Question

Question: 27-36 Use implicit differentiation to find an equation of the tangent line to the curve at the given point.

\({y^{\bf{2}}}\left( {{y^{\bf{2}}} - {\bf{4}}} \right) = {x^{\bf{2}}}\left( {{x^{\bf{2}}} - {\bf{5}}} \right)\), \(\left( {{\bf{0}}, - {\bf{2}}} \right)\) (devil’s curve)

Short answer

The equation of the tangent to the curve is \(y = - 2\).

Step-by-step solution

Differentiate the equation of curve with respect to x

The equation of curve \({y^2}\left( {{y^2} - 4} \right) = {x^2}\left( {{x^2} - 5} \right)\) can be simplified as:

\(\begin{aligned}{y^2}\left( {{y^2} - 4} \right) &= {x^2}\left( {{x^2} - 5} \right)\\{y^4} - 4{y^2} &= {x^4} - 5{x^2}\end{aligned}\)

Differentiatethe equation \({y^4} - 4{y^2} = {x^4} - 5{x^2}\) on both sides.

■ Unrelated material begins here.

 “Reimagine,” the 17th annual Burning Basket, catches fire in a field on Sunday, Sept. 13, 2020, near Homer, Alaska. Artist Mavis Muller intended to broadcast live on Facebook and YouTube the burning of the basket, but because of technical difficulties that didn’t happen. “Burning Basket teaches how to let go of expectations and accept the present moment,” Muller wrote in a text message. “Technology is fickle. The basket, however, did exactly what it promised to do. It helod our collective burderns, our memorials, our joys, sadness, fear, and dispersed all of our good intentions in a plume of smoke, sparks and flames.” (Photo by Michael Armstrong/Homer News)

\(\begin{aligned}4{y^3}\left( {\frac{{{\rm{d}}y}}{{{\rm{d}}x}}} \right) - 8y\left( {\frac{{{\rm{d}}y}}{{{\rm{d}}x}}} \right) &= 4{x^3} - 10x\\\frac{{{\rm{d}}y}}{{{\rm{d}}x}}\left( {4{y^3} - 8y} \right) &= 4{x^3} - 10x\\\frac{{{\rm{d}}y}}{{{\rm{d}}x}} &= \frac{{4{x^3} - 10x}}{{4{y^3} - 8y}}\end{aligned}\)

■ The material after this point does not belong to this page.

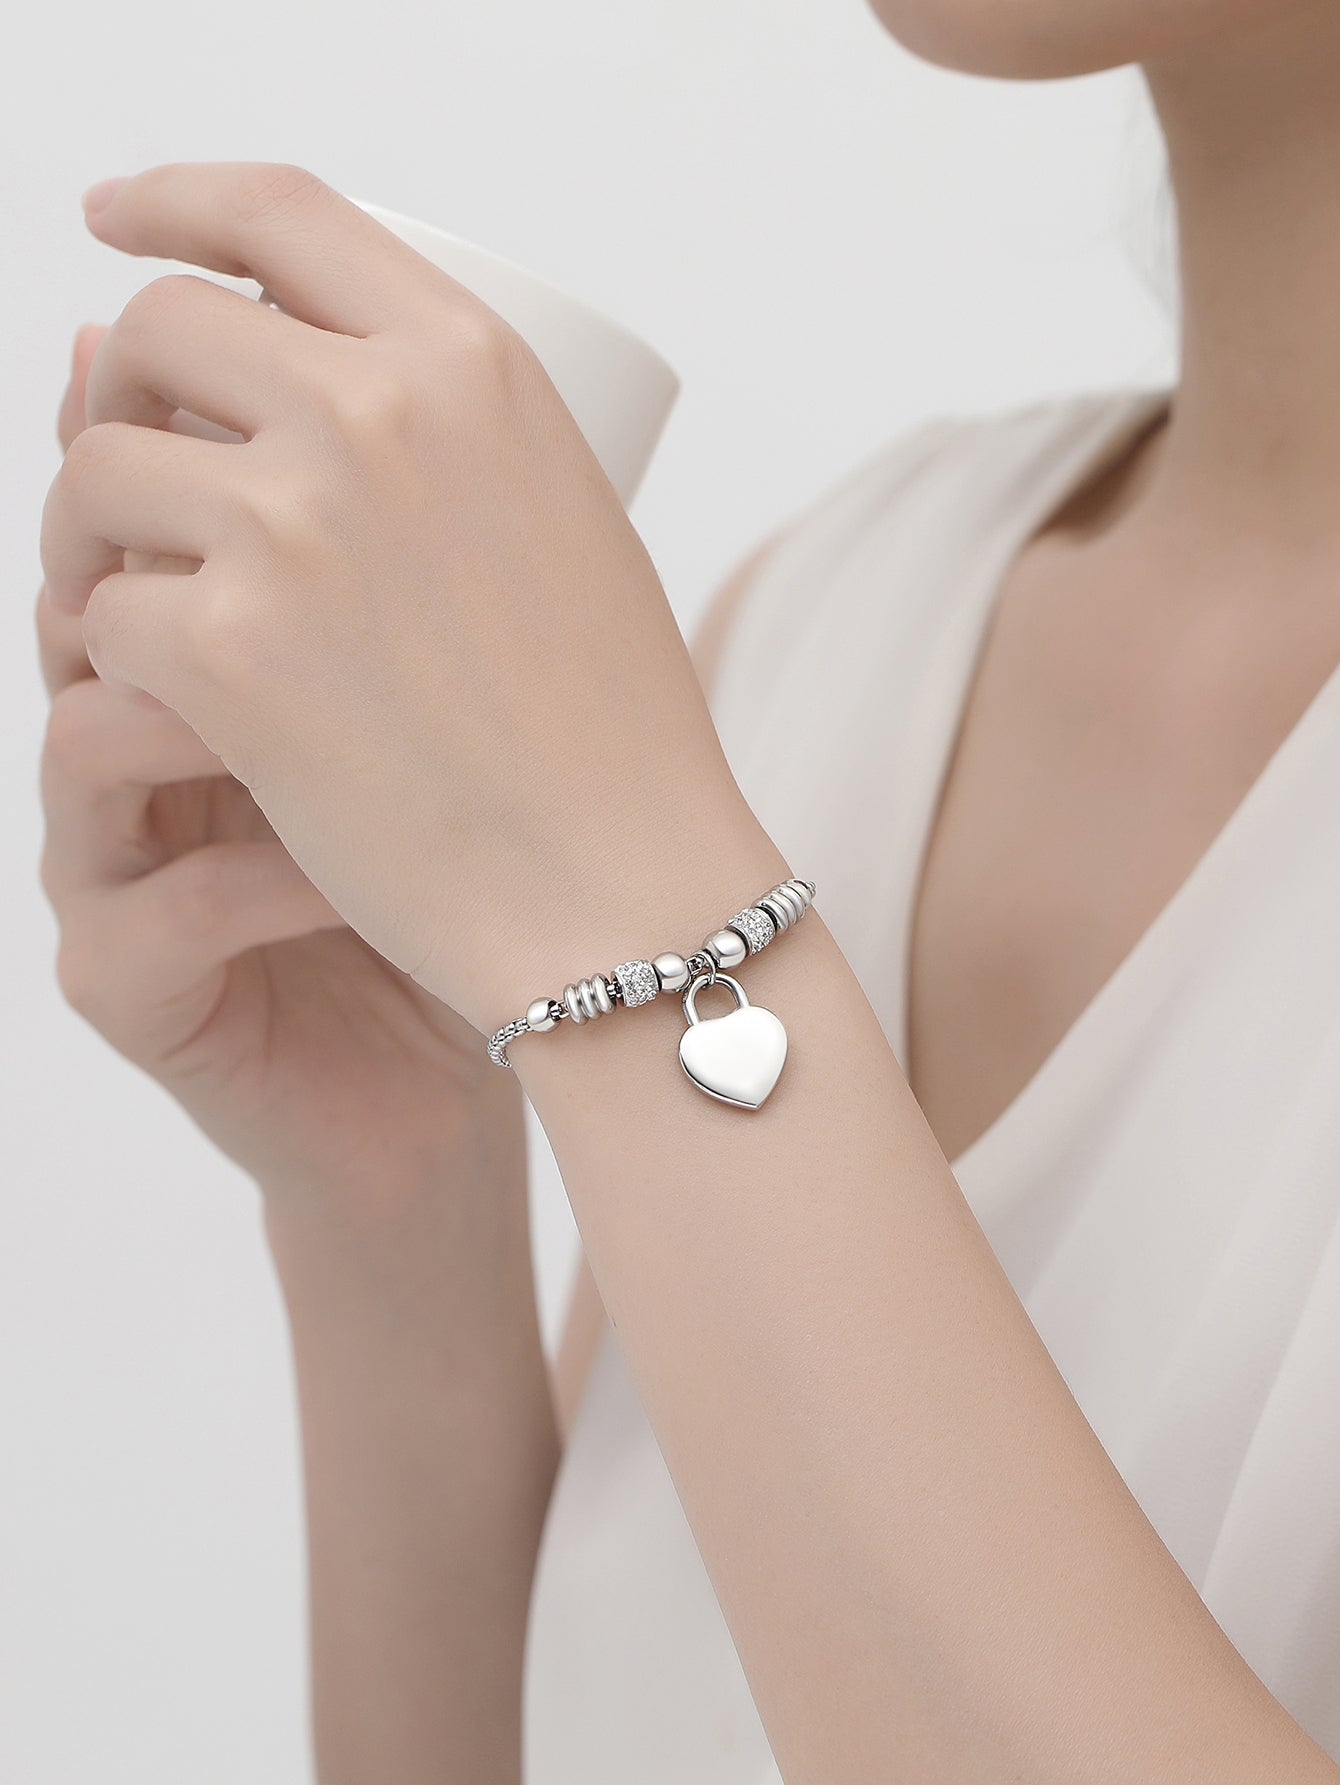 Stainless Steel Heart Bracelet - A Meaningful Gift for Women, Perfect for Christmas and New Year's Celebrations

Find the value of \(y'\) at \(\left( {{\bf{0}}, - {\bf{2}}} \right)\)

Find the value of \(y'\left( {0, - 2} \right)\).

\(\begin{aligned}y'\left( {0, - 2} \right) &= \frac{{4{{\left( 0 \right)}^3} - 10\left( 0 \right)}}{{4{{\left( { - 2} \right)}^3} - 8\left( { - 2} \right)}}\\ &= 0\end{aligned}\)

So, the slope of the tangent to the curve at \(\left( {0, - 2} \right)\) is 0.

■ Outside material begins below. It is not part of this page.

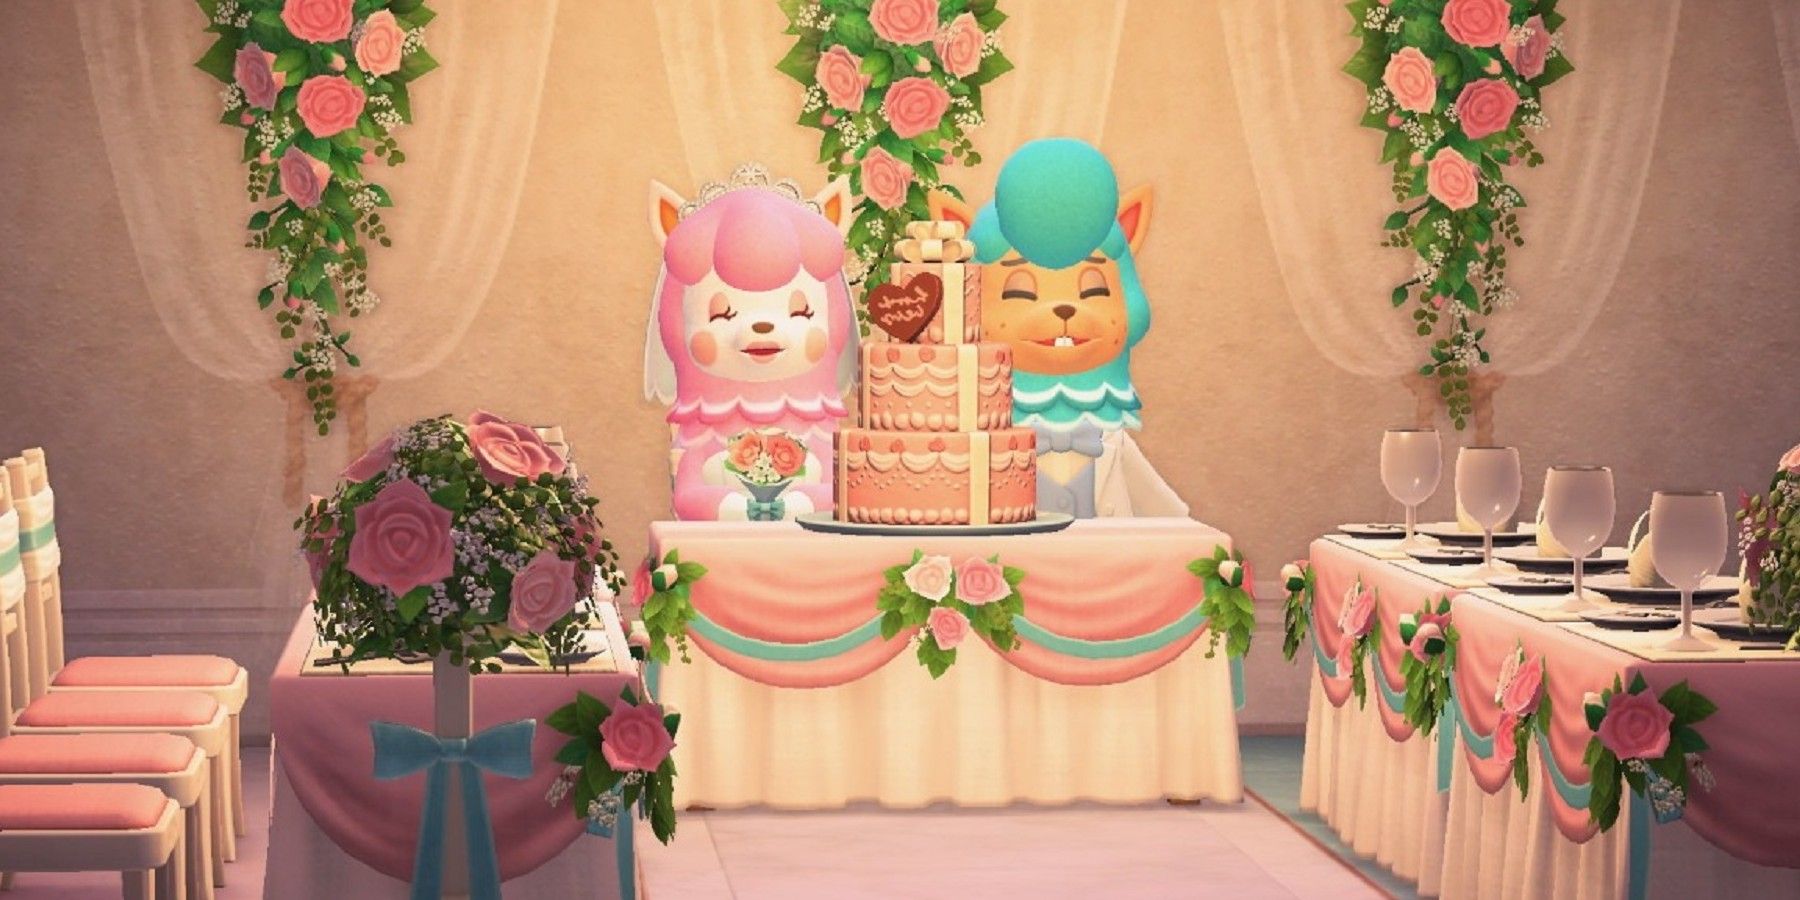 Animal Crossing Fan Creates Unique Wedding Cake Toppers

Step 3:Find the equation of the tangent at \(\left( {{\bf{0}}, - {\bf{2}}} \right)\)

The equation of the tangent at \(\left( {0, - 2} \right)\) can be determined as,

\(\begin{aligned}{c}y + 2 &= 0\left( {x - 0} \right)\\y + 2 &= 0\\y &= - 2\end{aligned}\)

Thus, the equation of tangent is \(y = - 2\).